▶ **Exercise prompt**:
The reply should hold only the lines below beginning at the one with "Open - Little" and ending at the one with "Stair Step Basket", copied exactly, with every picture left out.

▶ **Data for the task**:
---------------
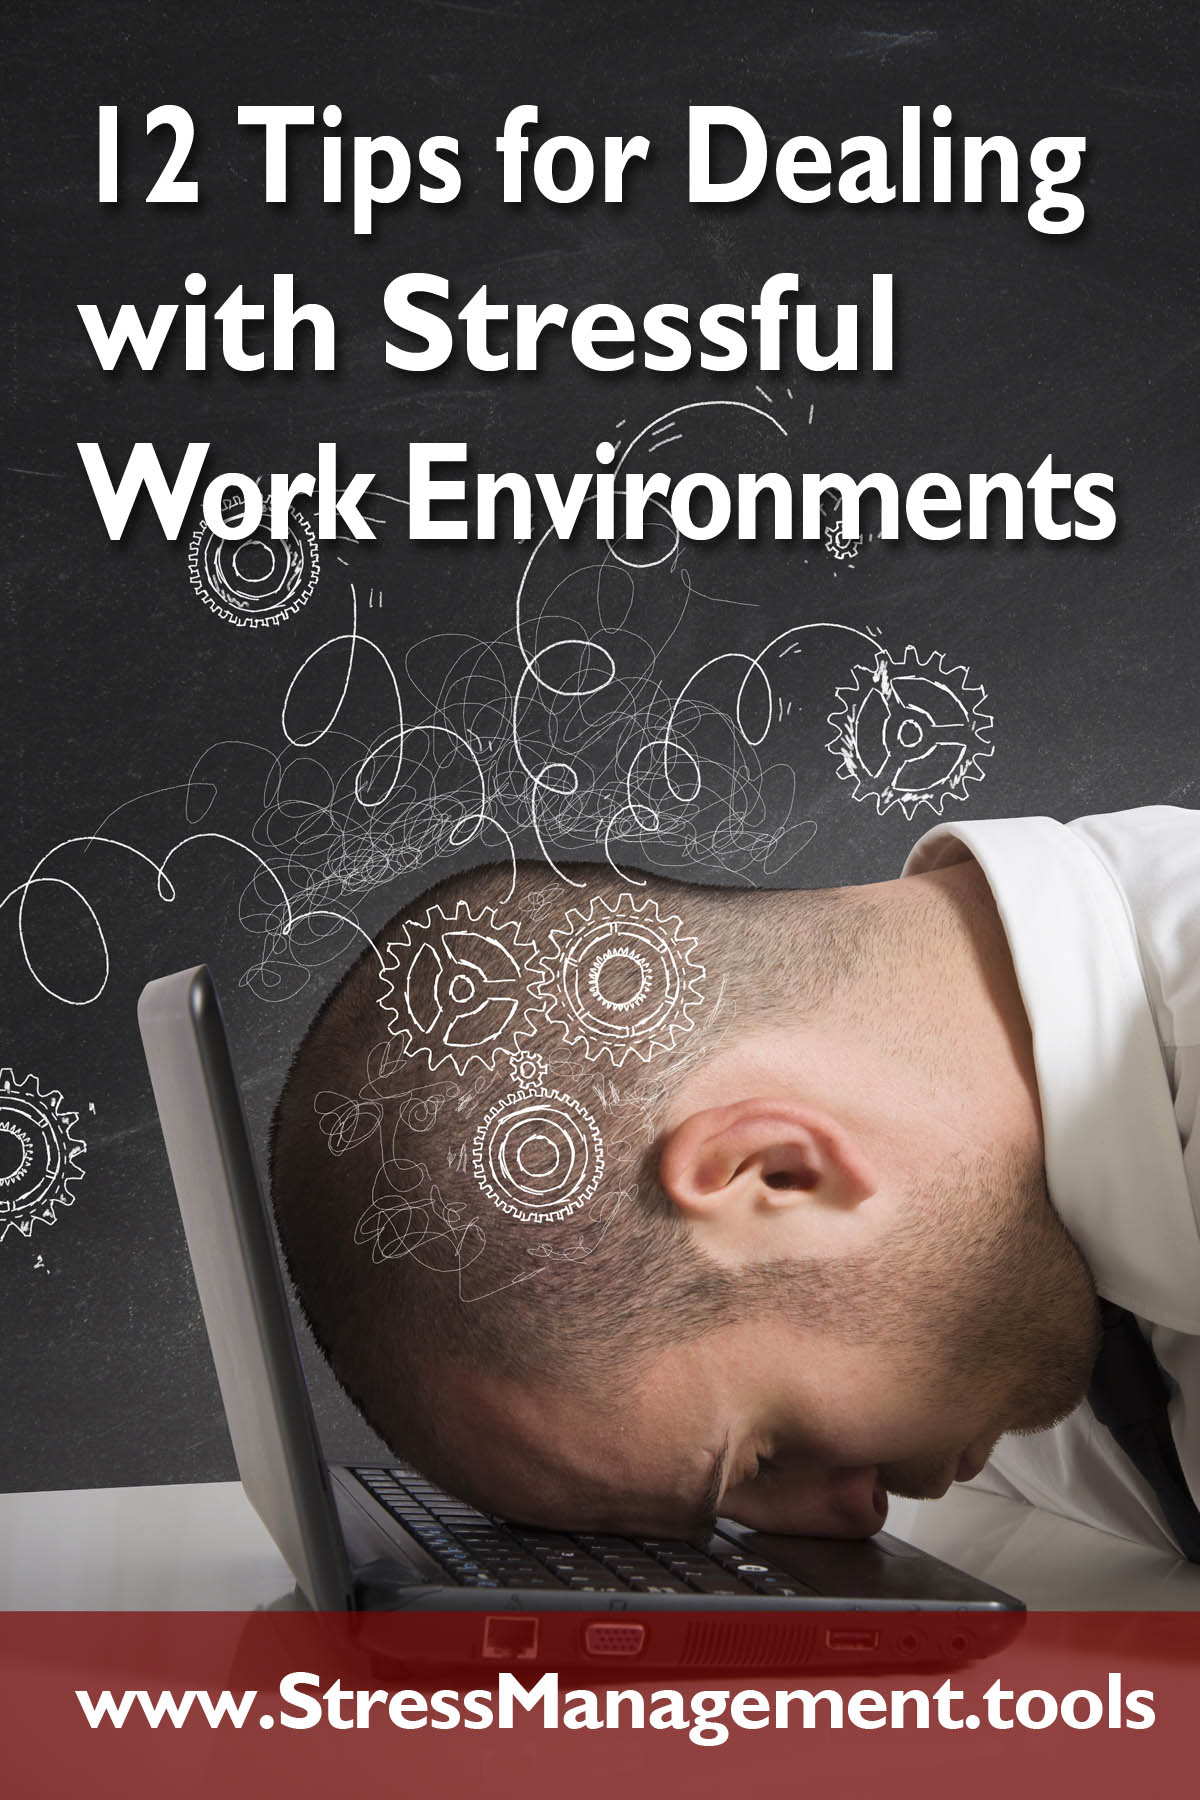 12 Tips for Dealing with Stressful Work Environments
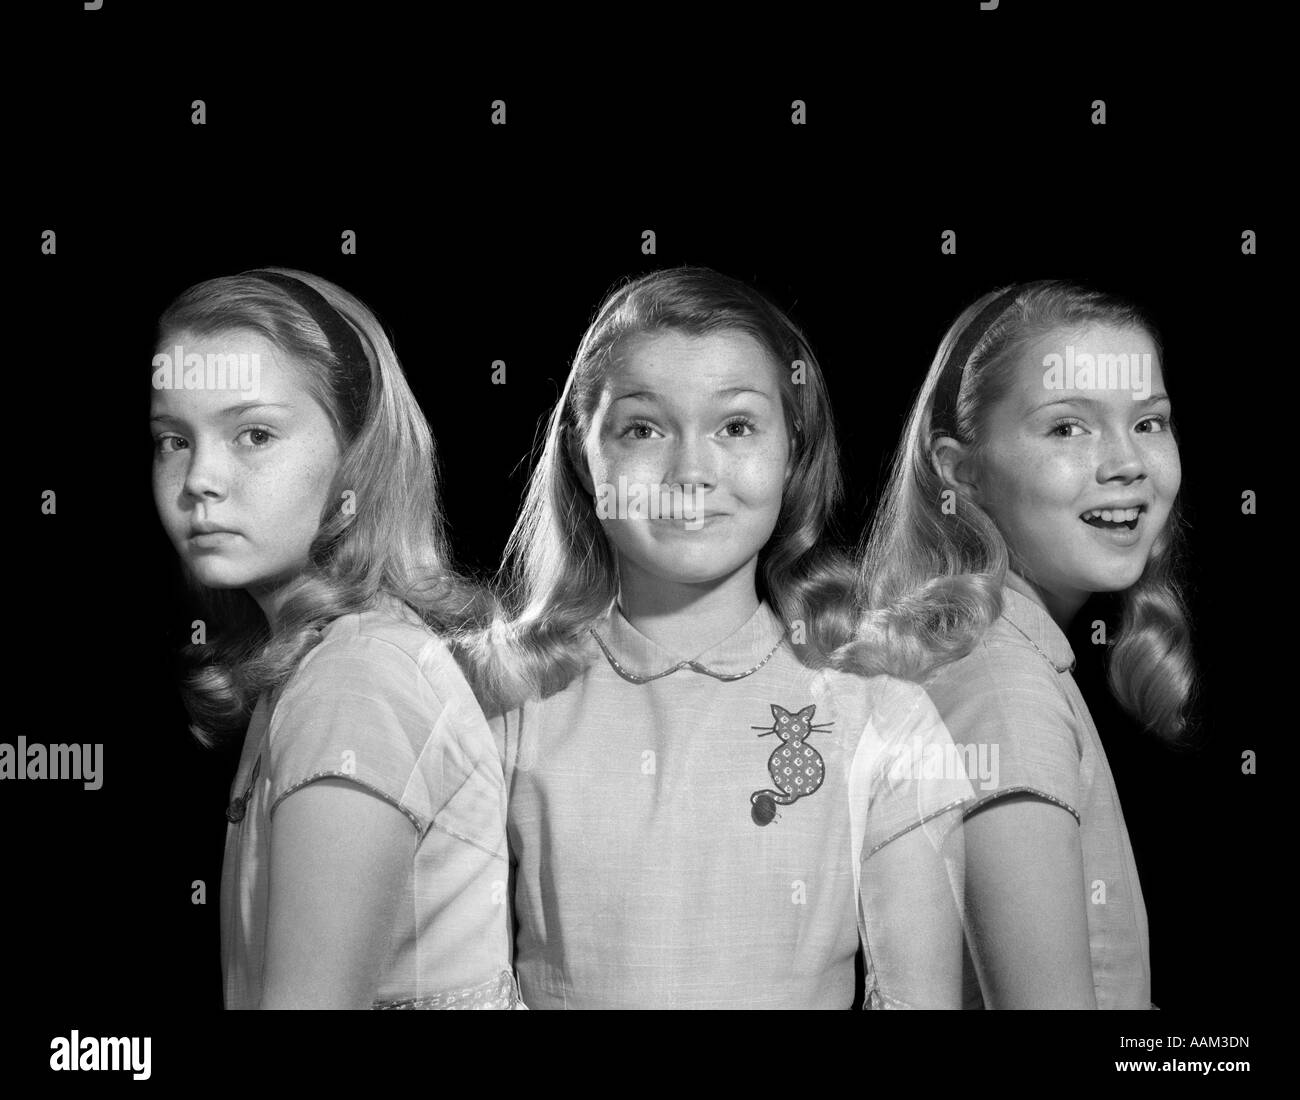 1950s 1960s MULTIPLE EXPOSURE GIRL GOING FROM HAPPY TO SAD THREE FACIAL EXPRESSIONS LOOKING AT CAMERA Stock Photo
---------------
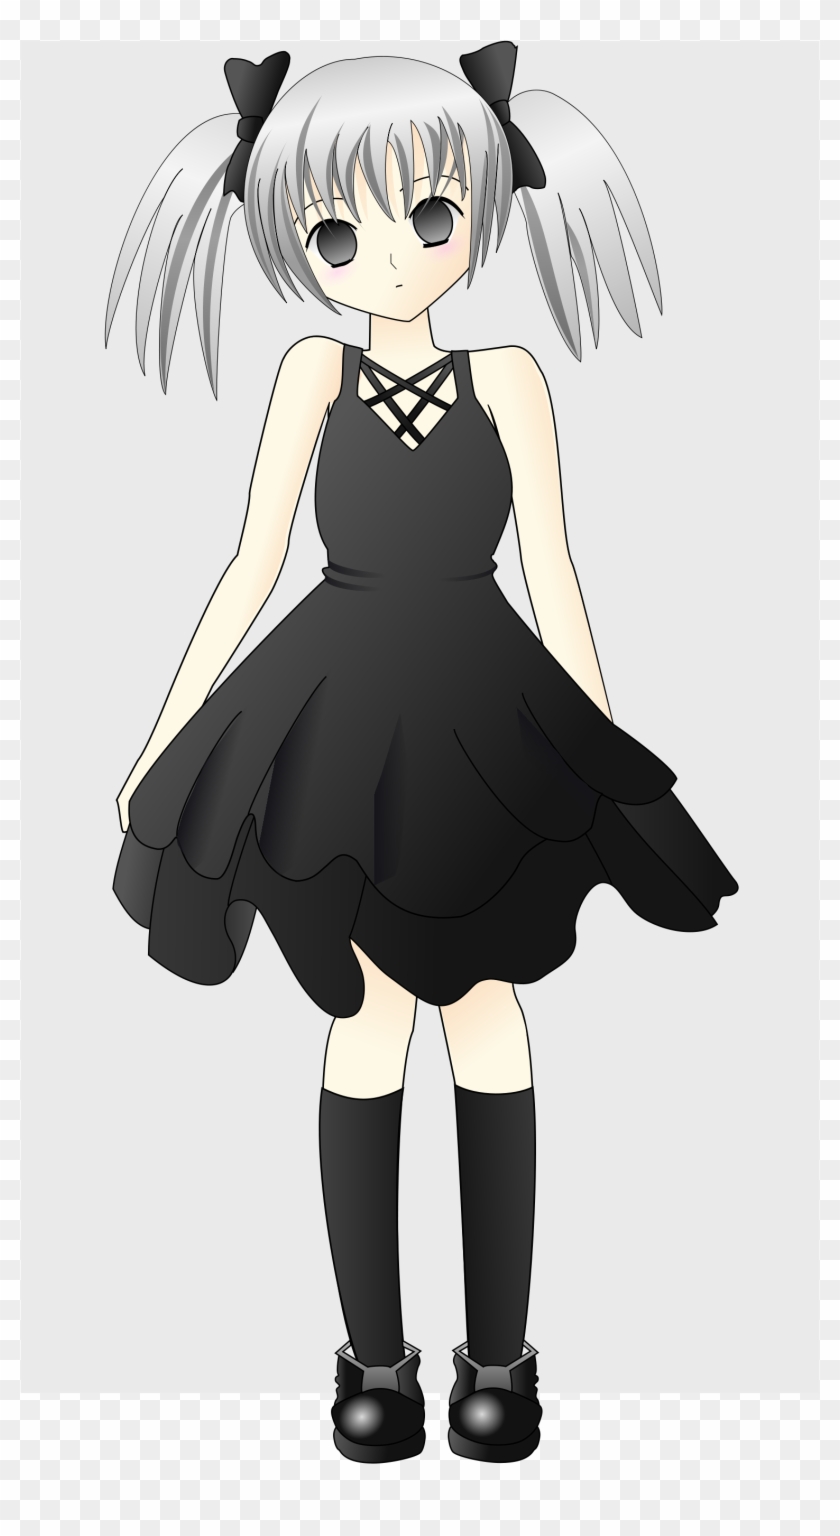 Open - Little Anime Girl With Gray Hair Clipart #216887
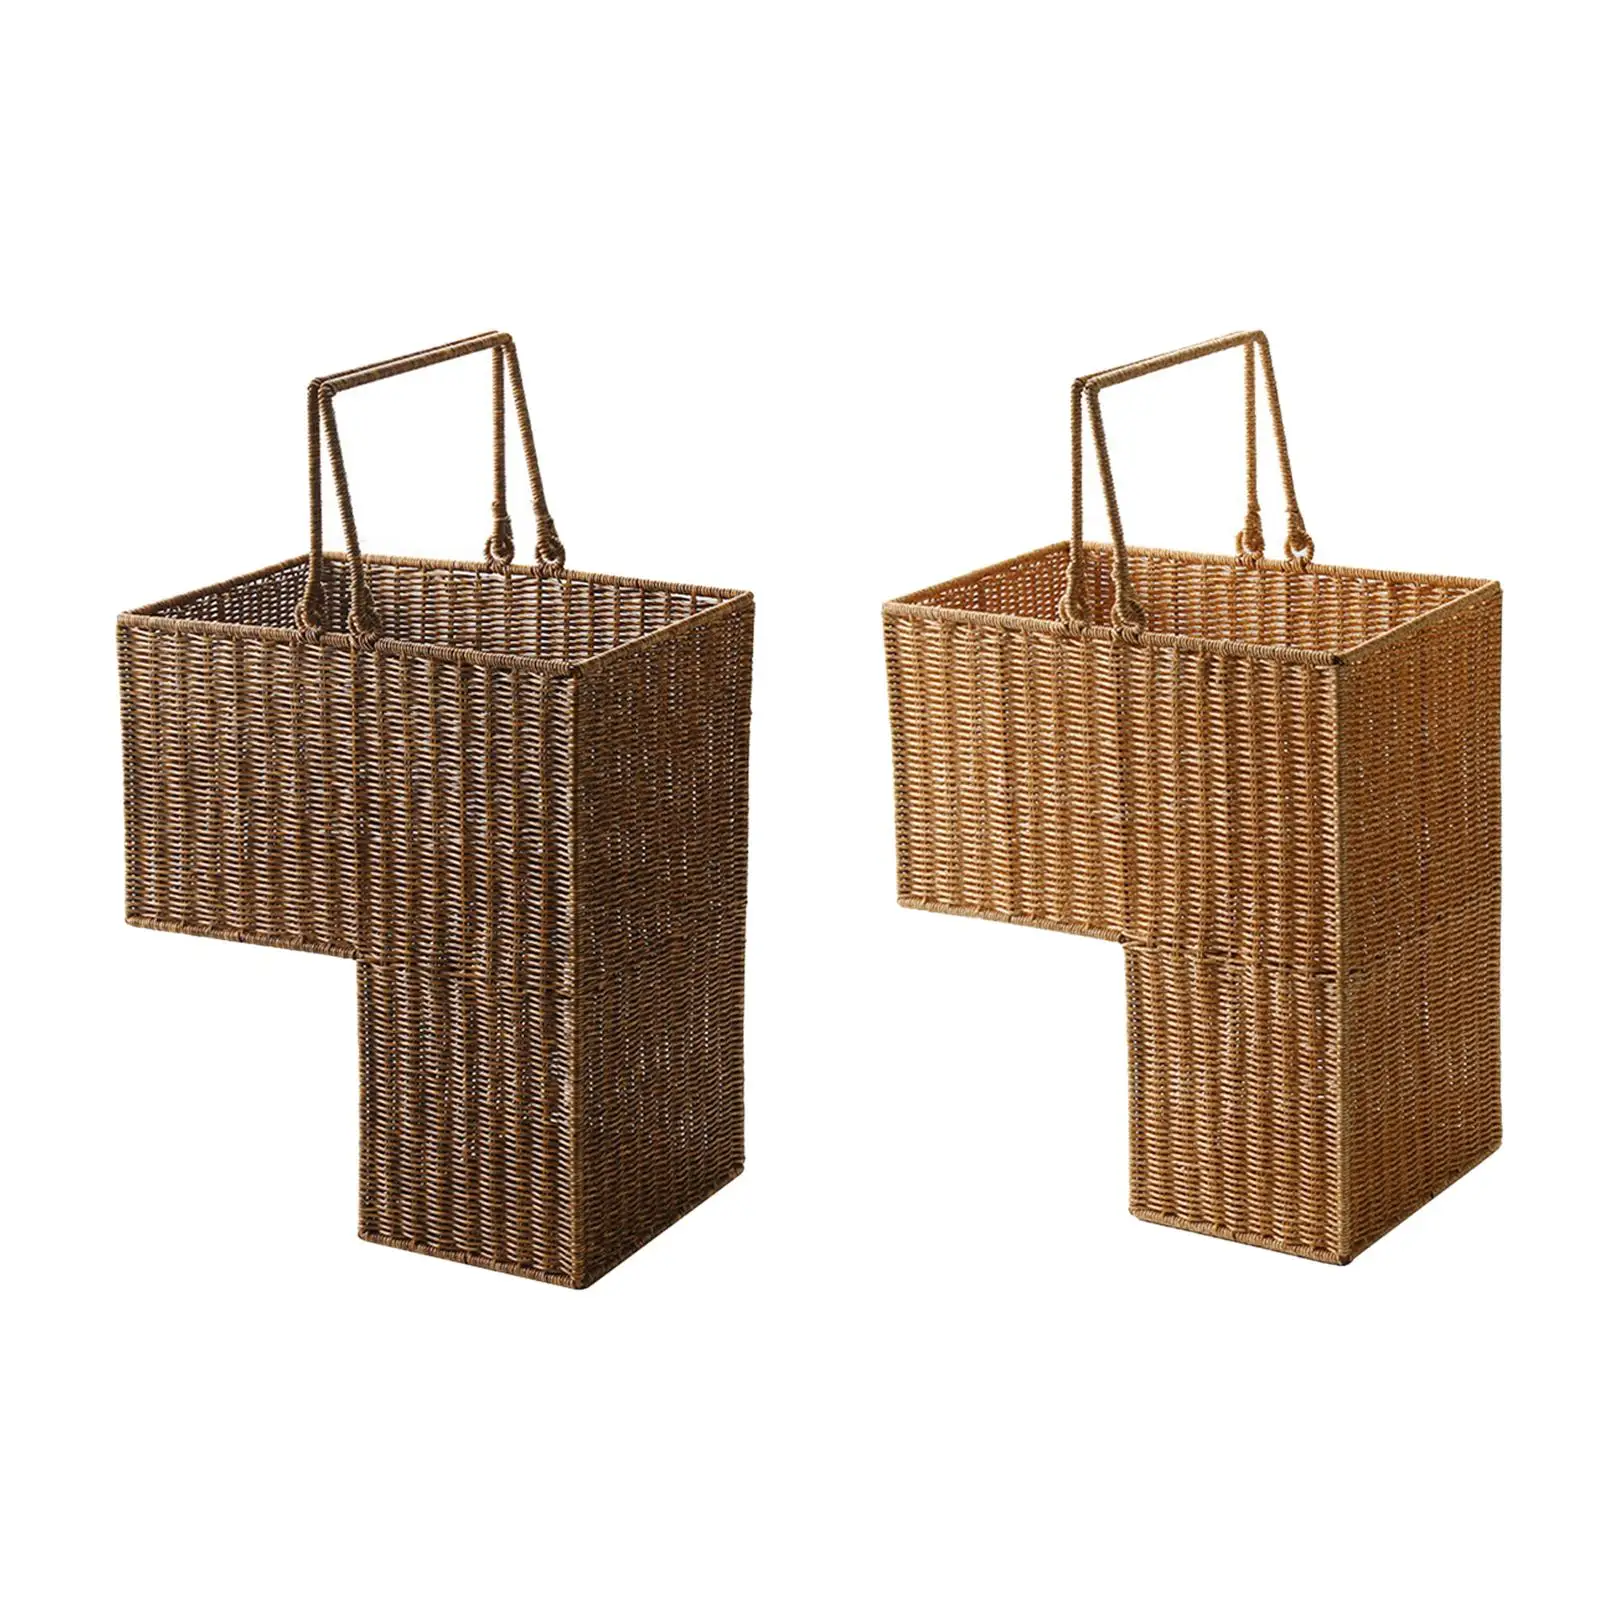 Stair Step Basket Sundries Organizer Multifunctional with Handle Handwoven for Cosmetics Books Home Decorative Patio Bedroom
---------------
▶ **Response for this exercise**:
 Open - Little Anime Girl With Gray Hair Clipart #216887
 Stair Step Basket Sundries Organizer Multifunctional with Handle Handwoven for Cosmetics Books Home Decorative Patio Bedroom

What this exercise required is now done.